Can we calculate the multiple stochastic integral? Let $(W_{t})_{t \geq 0}$ ba a $d$-dimensional Brownian motion, $k \in {\mathbb N}$ and $i_{1},i_{2},\ldots,i_{k} \in \{1,2,\ldots,d\}$.
Then can we calculate the following multiple stochastic integral?
$$
{\mathbb E}\left[\prod_{j=1}^{k}\int_{0}^{t}f_{i_{j}}(s){\rm d}W_{s}^{i_{j}}\right]=???
$$
For example, for $k=1$ and $k=2$,
$$
{\mathbb E}\left[\int_{0}^{t}f_{i_{1}}(s){\rm d}W_{s}^{i_{1}}\right]=0, \quad 
{\mathbb E}\left[\prod_{j=1}^{2}\int_{0}^{t}f_{i_{j}}(s){\rm d}W_{s}^{i_{j}}\right]={\mathbb E}\left[\int_{0}^{t}f_{i_{1}}(s)f_{i_{2}}(s){\rm d}s\right]\delta_{i_{1},i_{2}}.
$$
 A: For $k=3$, using the It\^o formula, we obtain
\begin{align*}
\prod_{j=1}^{3}\int_{0}^{t}f_{i_{j}}(s){\rm d}W_{s}^{i_{j}}
&=\int_{0}^{t}\left(\int_{0}^{s}f_{i_{2}}(u){\rm d}W_{u}^{i_{2}}\right)\left(\int_{0}^{s}f_{i_{3}}(u){\rm d}W_{u}^{i_{3}}\right)f_{i_{1}}(s){\rm d}W_{s}^{i_{1}} \\
&\hspace{0.5cm}+\int_{0}^{t}\left(\int_{0}^{s}f_{i_{1}}(u){\rm d}W_{u}^{i_{1}}\right)\left(\int_{0}^{s}f_{i_{3}}(u){\rm d}W_{u}^{i_{3}}\right)f_{i_{2}}(s){\rm d}W_{s}^{i_{2}} \\
&\hspace{0.5cm}+\int_{0}^{t}\left(\int_{0}^{s}f_{i_{1}}(u){\rm d}W_{u}^{i_{1}}\right)\left(\int_{0}^{s}f_{i_{2}}(u){\rm d}W_{u}^{i_{2}}\right)f_{i_{3}}(s){\rm d}W_{s}^{i_{3}} \\
&\hspace{0.5cm}+\frac{1}{2}\int_{0}^{t}\int_{0}^{s}f_{i_{3}}(u){\rm d}W_{u}^{i_{3}}\delta_{i_{1},i_{2}}{\rm d}s \\
&\hspace{0.5cm}+\frac{1}{2}\int_{0}^{t}\int_{0}^{s}f_{i_{2}}(u){\rm d}W_{u}^{i_{2}}\delta_{i_{1},i_{3}}{\rm d}s \\
&\hspace{0.5cm}+\frac{1}{2}\int_{0}^{t}\int_{0}^{s}f_{i_{1}}(u){\rm d}W_{u}^{i_{1}}\delta_{i_{2},i_{3}}{\rm d}s.
\end{align*}
Thus by Fubini's theorem, we have
\begin{align*}
{\mathbb E}\left[\prod_{j=1}^{3}\int_{0}^{t}f_{i_{j}}(s){\rm d}W_{s}^{i_{j}}\right]

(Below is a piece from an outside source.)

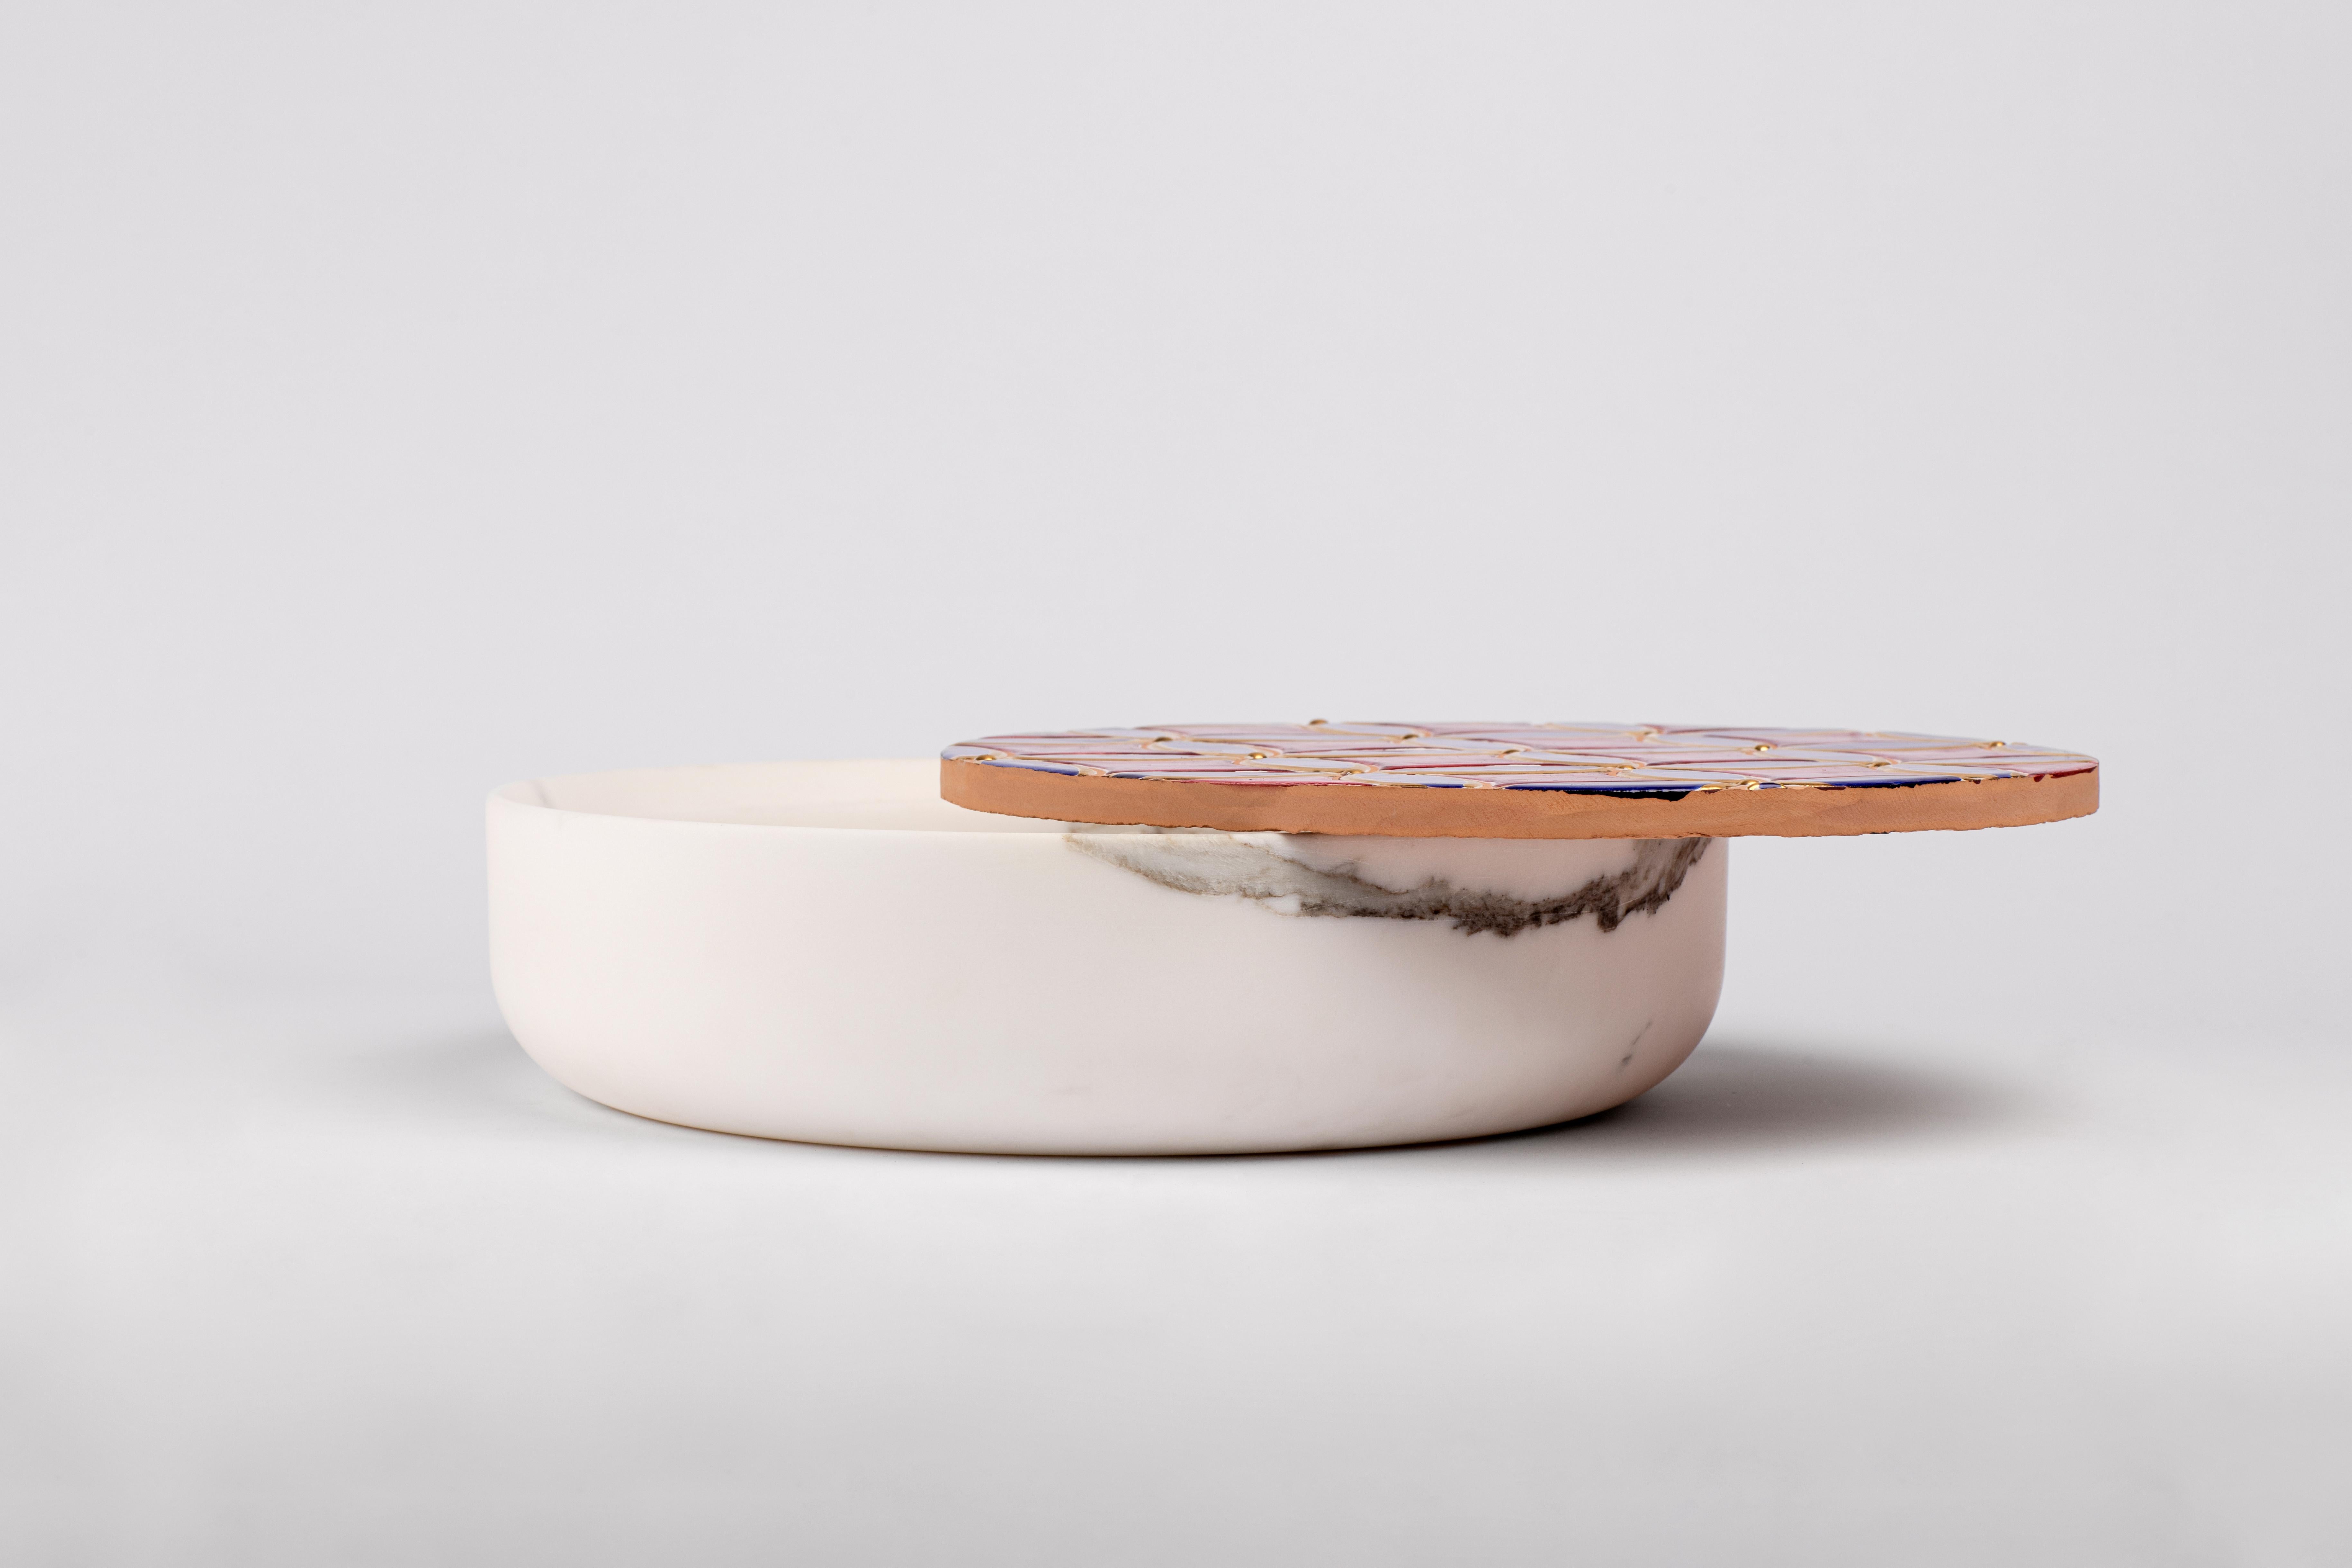 A collection made of Calacatta marble, worked on the manual lathe, and hand-glazed ceramic according to ancient Vietri traditions; two companies in the Neapolitan area that attribute production excellence, the search for materials, the unique and

&=\frac{1}{2}{\mathbb E}\left[\int_{0}^{t}\int_{0}^{s}f_{i_{3}}(u){\rm d}W_{u}^{i_{3}}{\rm d}s\right]\delta_{i_{1},i_{2}} \\
&\hspace{0.5cm}+\frac{1}{2}{\mathbb E}\left[\int_{0}^{t}\int_{0}^{s}f_{i_{2}}(u){\rm d}W_{u}^{i_{2}}{\rm d}s\right]\delta_{i_{1},i_{3}} \\
&\hspace{0.5cm}+\frac{1}{2}{\mathbb E}\left[\int_{0}^{t}\int_{0}^{s}f_{i_{1}}(u){\rm d}W_{u}^{i_{1}}{\rm d}s\right]\delta_{i_{2},i_{3}} \\
&=\frac{1}{2}\int_{0}^{t}{\mathbb E}\left[\int_{0}^{s}f_{i_{3}}(u){\rm d}W_{u}^{i_{3}}\right]{\rm d}s\delta_{i_{1},i_{2}} \\
&\hspace{0.5cm}+\frac{1}{2}\int_{0}^{t}{\mathbb E}\left[\int_{0}^{s}f_{i_{2}}(u){\rm d}W_{u}^{i_{2}}\right]{\rm d}s\delta_{i_{1},i_{3}} \\
&\hspace{0.5cm}+\frac{1}{2}\int_{0}^{t}{\mathbb E}\left[\int_{0}^{s}f_{i_{1}}(u){\rm d}W_{u}^{i_{1}}\right]{\rm d}s\delta_{i_{2},i_{3}} \\
&=0.
\end{align*}
The general case follows similarly.